Which one is the best Extractor (RegEx Extractor or Form Based Extractor)

Hi,

I have a requirement where i need to scan the 1000 Vendor invoices on daily basis and process the extracted value for further process.

The problem is , currently we have implemented the solution using Regex Extractor, but if there is any new vendor added or template changes then we may need to make or add the new Regex patterns to the newly added vendor . we have approximately 1000 vendors at this moment and chances are adding more vendors in future.
and also we re facing the accuracy level also not good when we are using RegEx , as i can say 50% is the accuracy.

I would like to check can i use Form based extractor instead of Regex ? or which is the good Extractor among this two? i need to give the proposal in my org, if you can help that would be really appreciated .Thanks

1 Like

Hi @Rajesh_Babu1

If there are more than 1000 different Vendor templates you can always go with Document Understanding and AI Center to create the ML model which will give more accuracy in extracting the Data.

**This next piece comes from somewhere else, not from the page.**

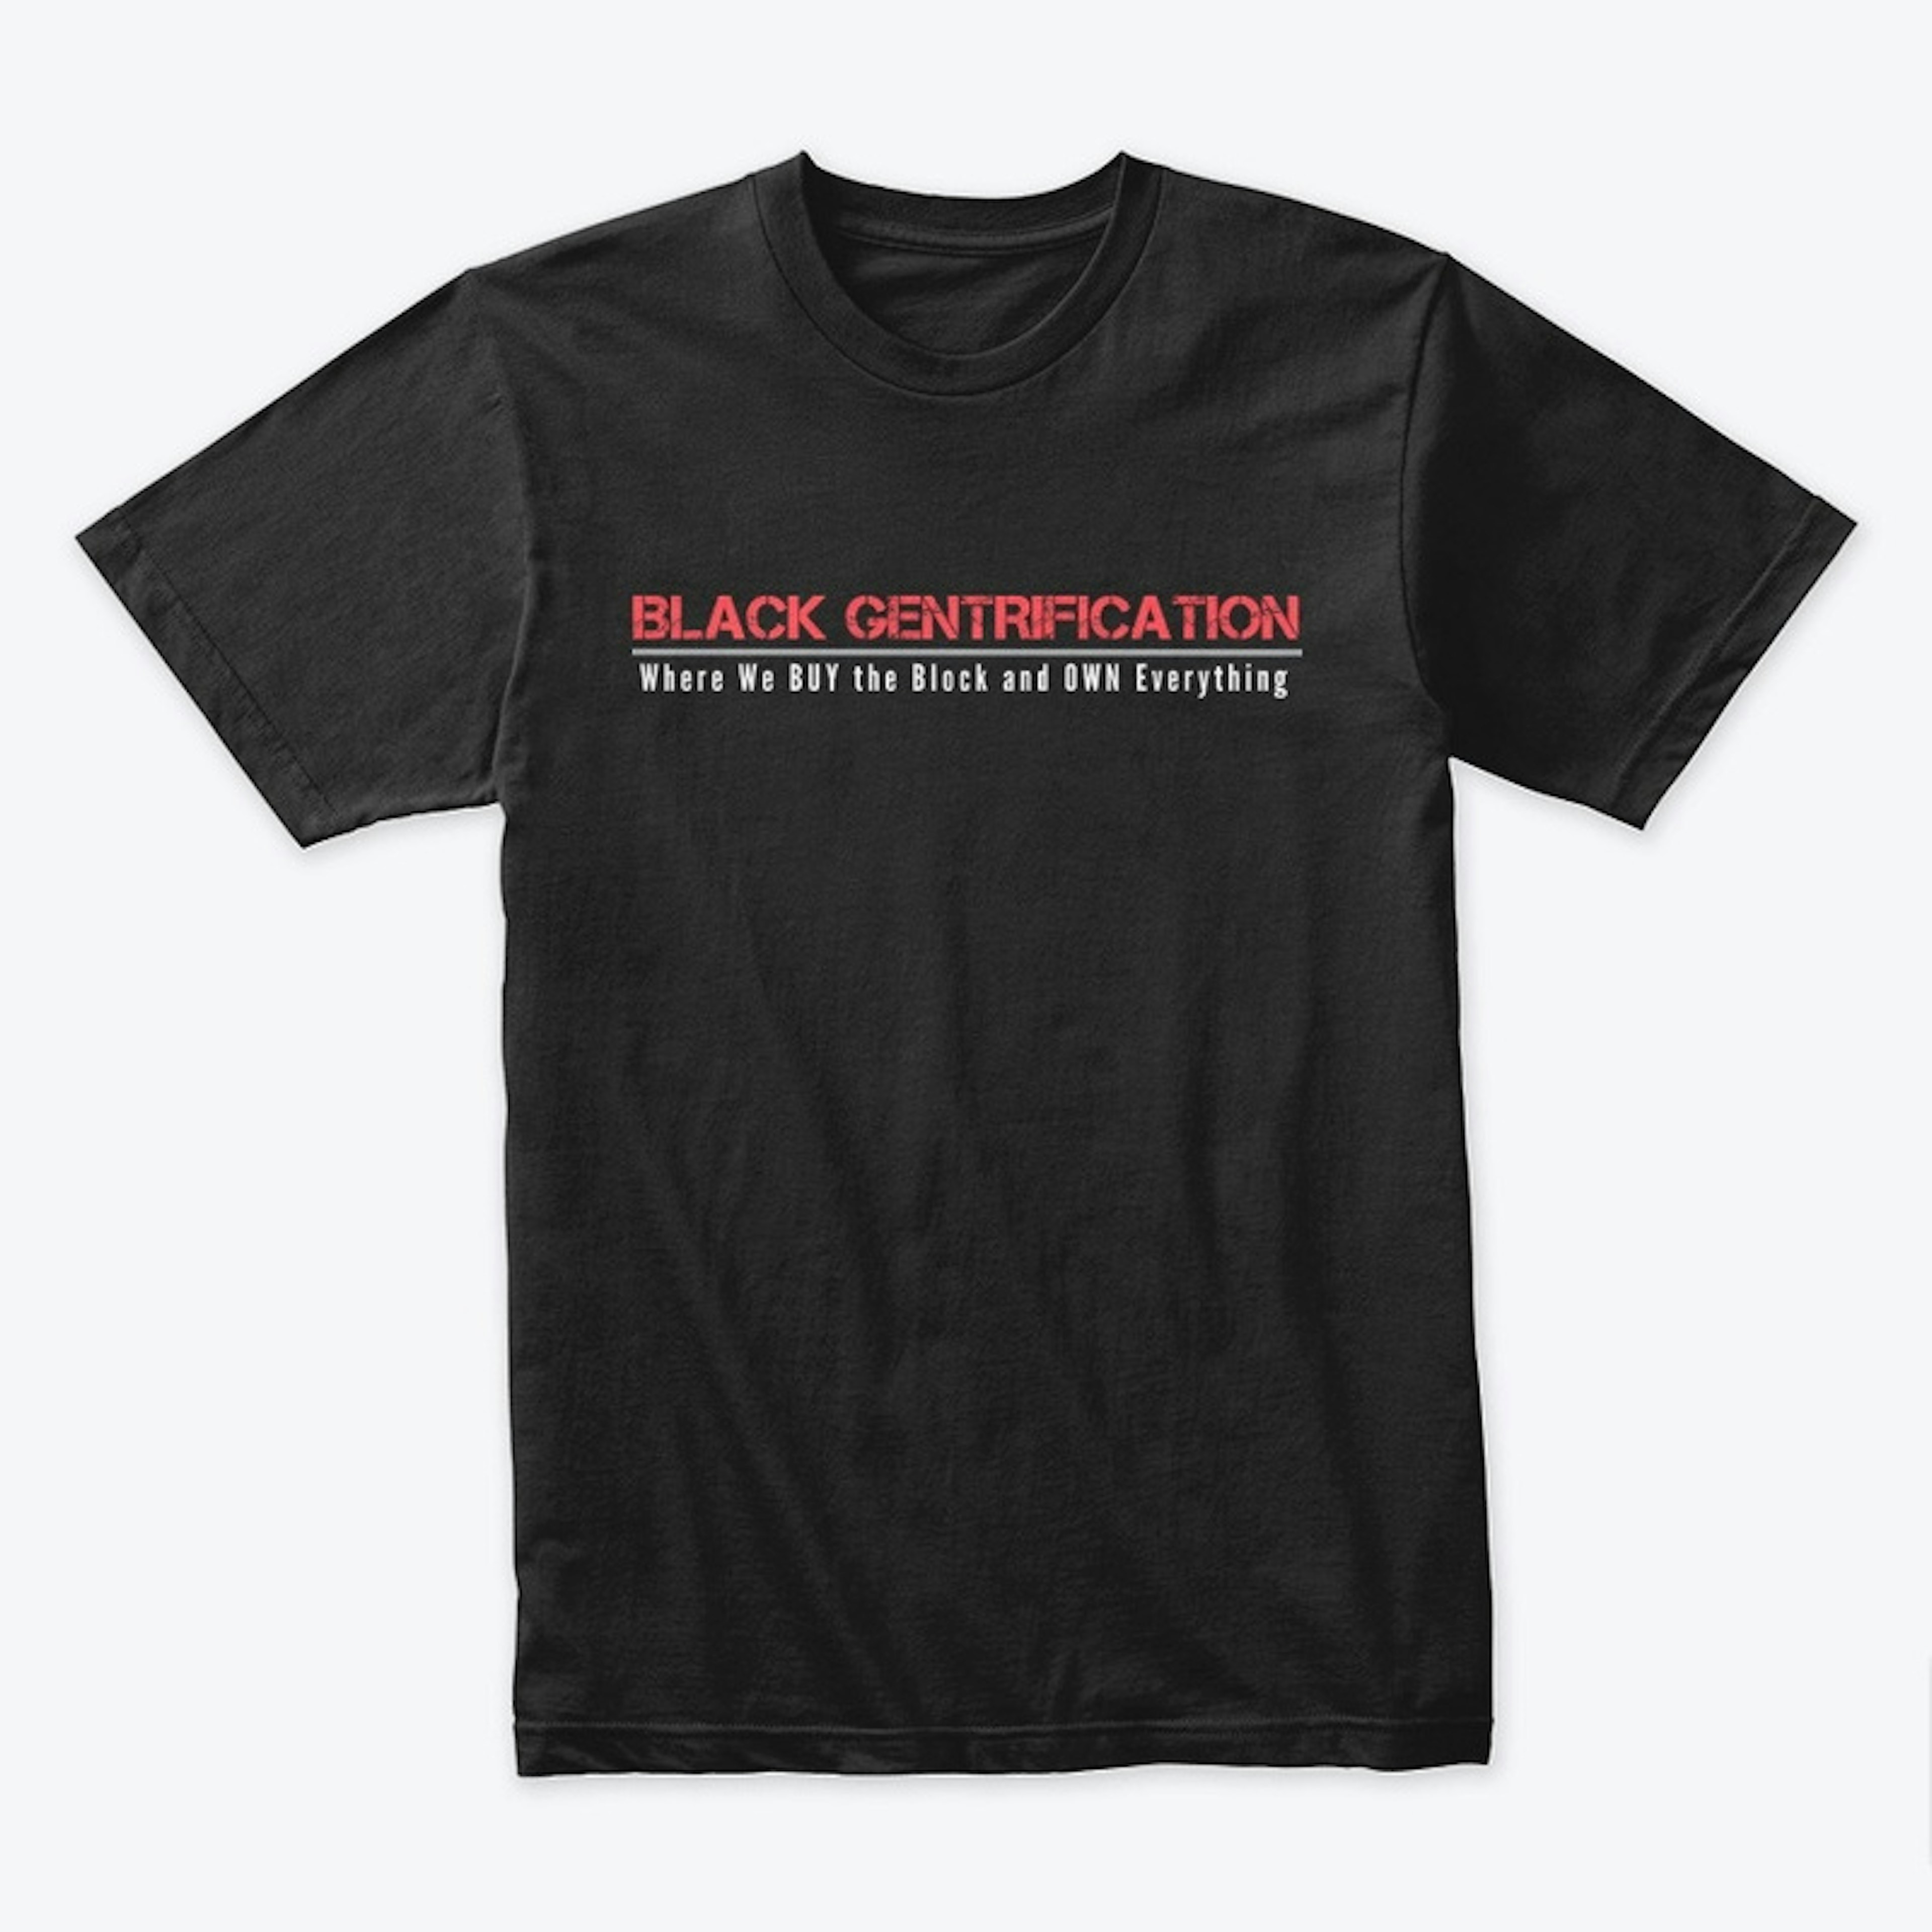 Black Gentrification

The other extractor the Regex, Form and Intelligent Form will work but with less accuracy level and the extracted data format may mismatch.

For 1000 + different format you can use AI Center to add documents in future and retrain the model, also after 2-3 trainings the model can be auto retrained.

Thanks

1 Like

Hi @suraj.setty

Thank you for your feedback, instead of ML Extractor can i go with Form Based Extractor as we hve some limitation to use ML Extractor in our organization. and also , in terms of Form Based and Regex which one is the best, most of them is suggesting Regx will give more accuracy but i may need to manage my customer with strong point as we are going to changing the entire design. any suggestions pls.

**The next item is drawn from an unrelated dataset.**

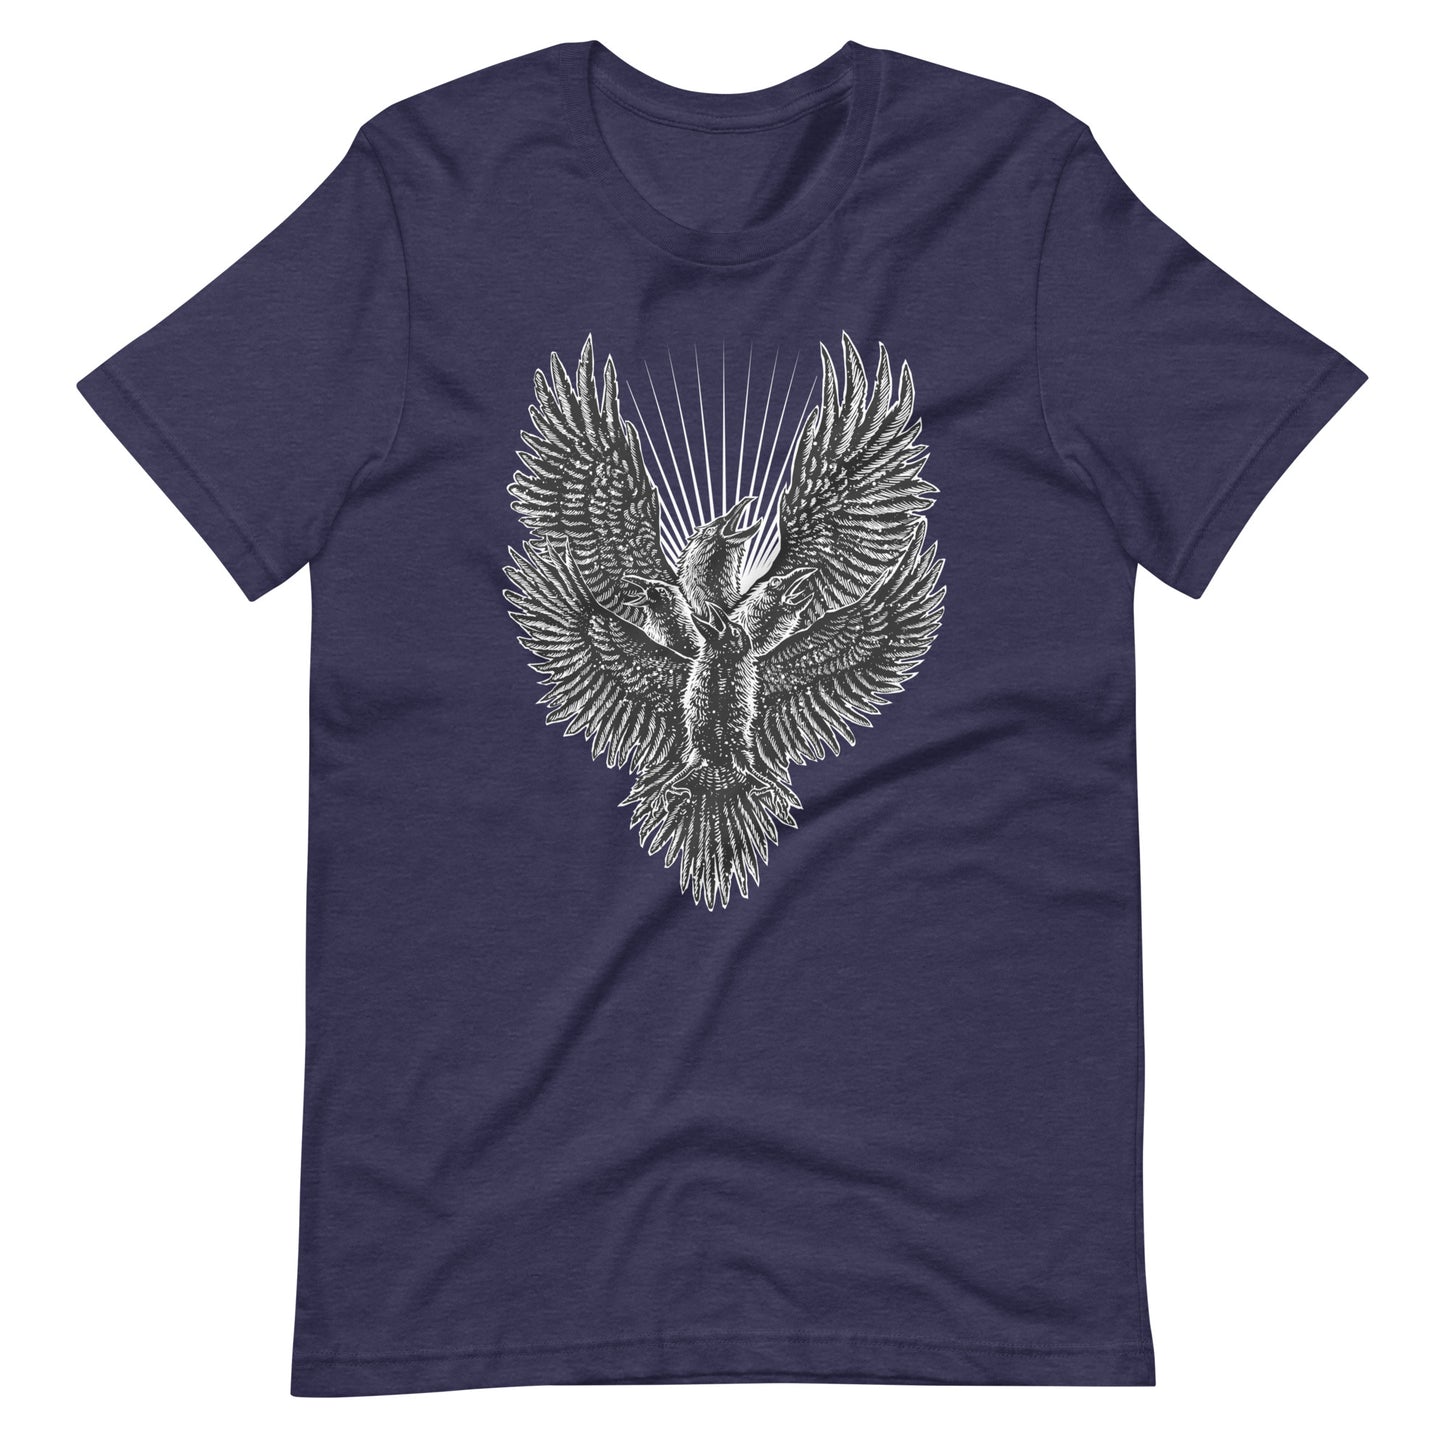 Luminous Crow - Men's t-shirt - Heather Midnight Navy Front

if you have structured then you can use form extractor but where ever you have unstructured and different type of pdf best way is using regex based extractor

Yes , the Regex is better compared to Form based as the Form Based can be used on Structured Data and constant fields. In Regex you can specify all the fields but when you add new Document to the existing document you have to add new Regex Patterns each time.

If the template for all the vendors are same and the fields are static you can try Form Extractor.

Thanks.

This topic was automatically closed 3 days after the last reply. New replies are no longer allowed.